Team’s Status Report for 4/25

The most significant risks that could jeopardize the success of this project would be our inability to tune the motor controllers correctly so that they can properly give the right instructions to the motors themselves. We’re currently working on this portion of the project, and once that’s done, we should mostly be done with the project, apart from incorporating the audio component to handle pivoting to the designated actor after the previous actor’s dialogue is completed. Once that is done, we’ll be ready for the TechSpark demo along with the final demo, and we’ll also be able to meet on Thursday with Dr. Dueck and the School of Music for our demo with them for the “Ah Perdona” piece. Apart from that, we will of course also be working on the final report and the final video so that we can submit all of them in time when they are due.

On the audio side, the main tests that we performed were calculating the WER for the ASR system, specifically for the trigger phrases rather than the whole dialogue. We realized that it didn’t make sense to track the whole dialogue by each speaker, rather it would improve processing and accuracy if we only focused on the few words before the next actor’s part began. What we found was that the system was very accurate, with a 7% WER (10% is high-quality) on these trigger phrases, and that the trigger was almost always correctly initiated. However, the fact that it wasn’t perfect concerned us slightly, which is why we included a manual override button in the UI that allowed the director to control the cueing themselves in case the trigger didn’t work. On the tracking side, the main tests we performed were calculating the difference between the ground truth and the predictions by the UI, and we discovered that the accuracy was even better than we expected, allowing us to stick with our current design. On the overall system side, we tested the reliability of the entire system, and we confirmed that the nodes and other components all ran for at least 4 hours, which was what we were hoping for.

Ted’s Status Report for 04/25/2026

This week, I’ve mainly been working on ironing out any small design issues with the physical rail system and tuning/calibrating the motor system. We had an issue where the replacement motor driver for the previously broken motor driver also arrived broken (hooray) but we managed to procure a replacement as fast as possible and am working on tuning right now. I’ve also started working on the poster and final report just to save time, and will hopefully be meeting with our SOM collaborators to record a demo with our working product. The main thing to focus on now is the motor tuning so we can capture accurate video for our video demo and our collaboration. The main concern we have now is finishing our motor movement fine tuning so we can have a presentable project before both demo days. At this point schedule isn’t really relevant, we’re just focusing on getting it done as fast as possible.

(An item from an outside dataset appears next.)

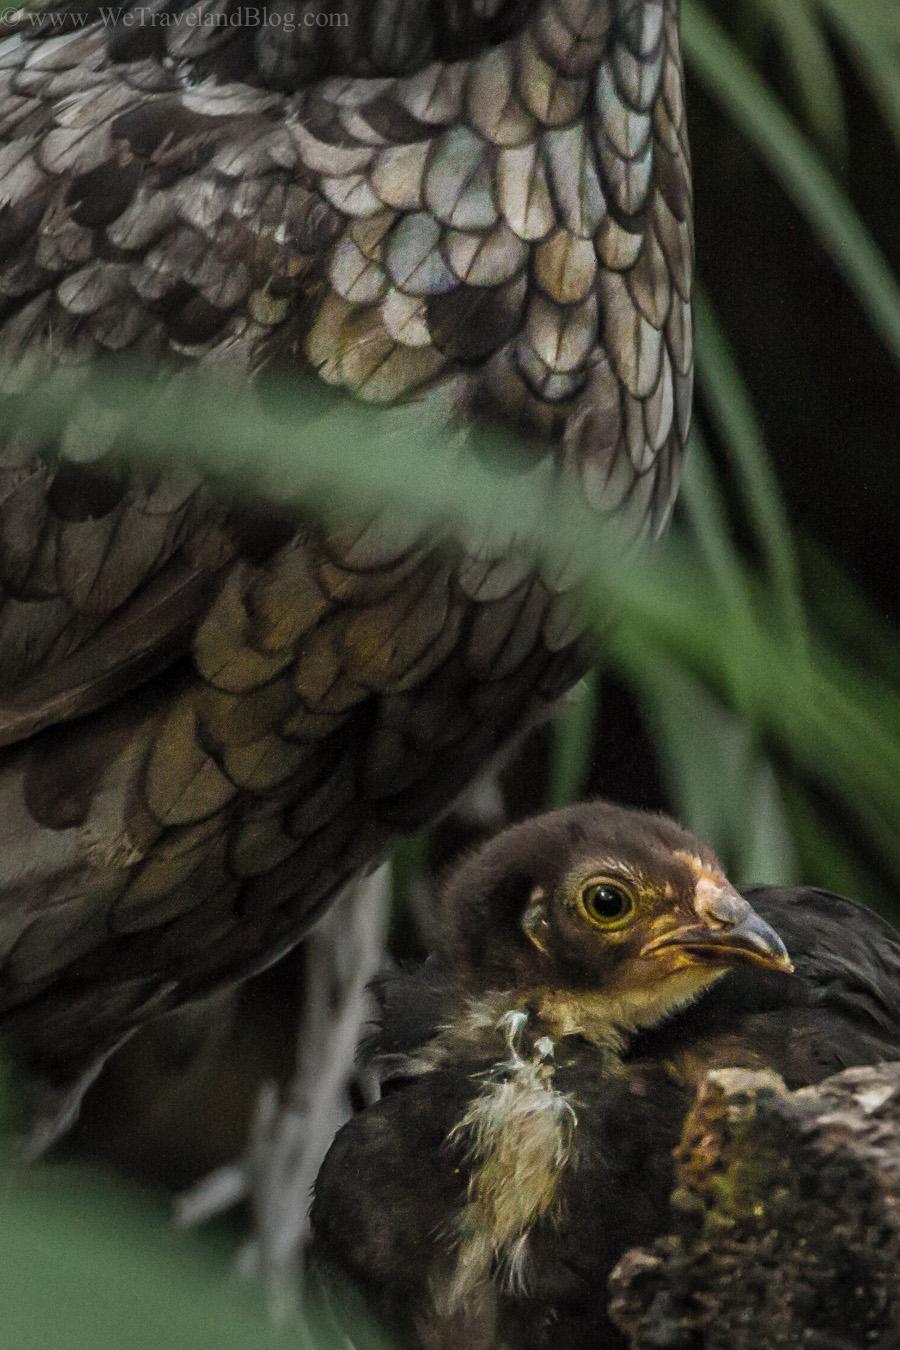 chick, chicken, feathers, beautiful, caring, mother, hen, dominican republic, http://wetravelandblog.com
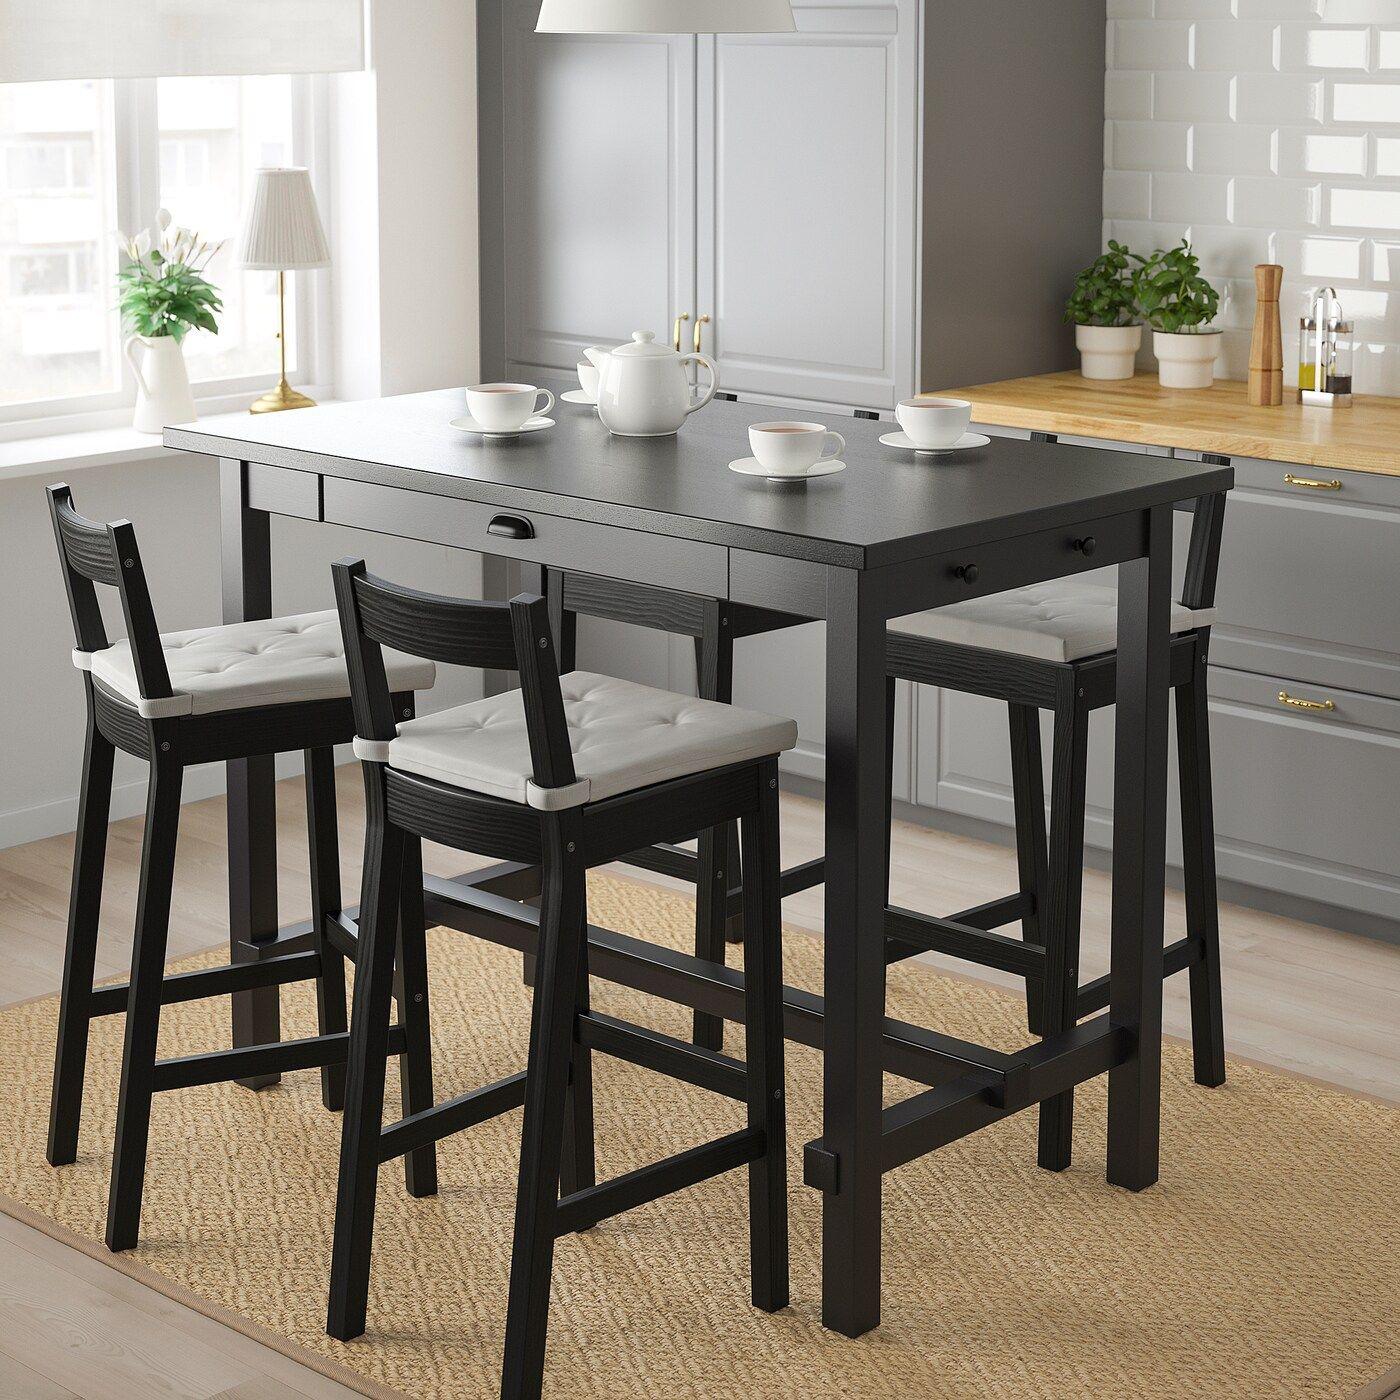 NORDVIKEN / NORDVIKEN Theke + 9 Barstühle   schwarz/schwarz   IKEA ...

Pareekshith’s Status Report for 4/25

This week, I focused mainly on re-testing my speech technology setup to ensure that nothing horrifically wrong had happened or will happen in the next two weeks, and I also met with Dr. Dueck and the School of Music students to troubleshoot our Accomplice setup and the cueing. One good thing is that the software now correctly follows the MIDI keyboard and is able to output cues properly, although I need the exact cue positions so that I can pinpoint exactly where and when our camera needs to turn. I also needed to order a new BLDC motor driver after one of the motor drivers we originally got through the School of Music was faulty, and so we received that today and look to complete the setup and fully integrate. My progress is on schedule, and since my portion is mostly complete (apart from getting the exact cue positions for the “Ah Perdona” piece), I’ll be helping out my team with any other necessary tasks this week as we look to complete the project and demo it at the TechSpark demo as well as at the public demo. I’ll also be working on the poster, the final video, and the final report this week so we won’t be pressed for time as we conclude the semester.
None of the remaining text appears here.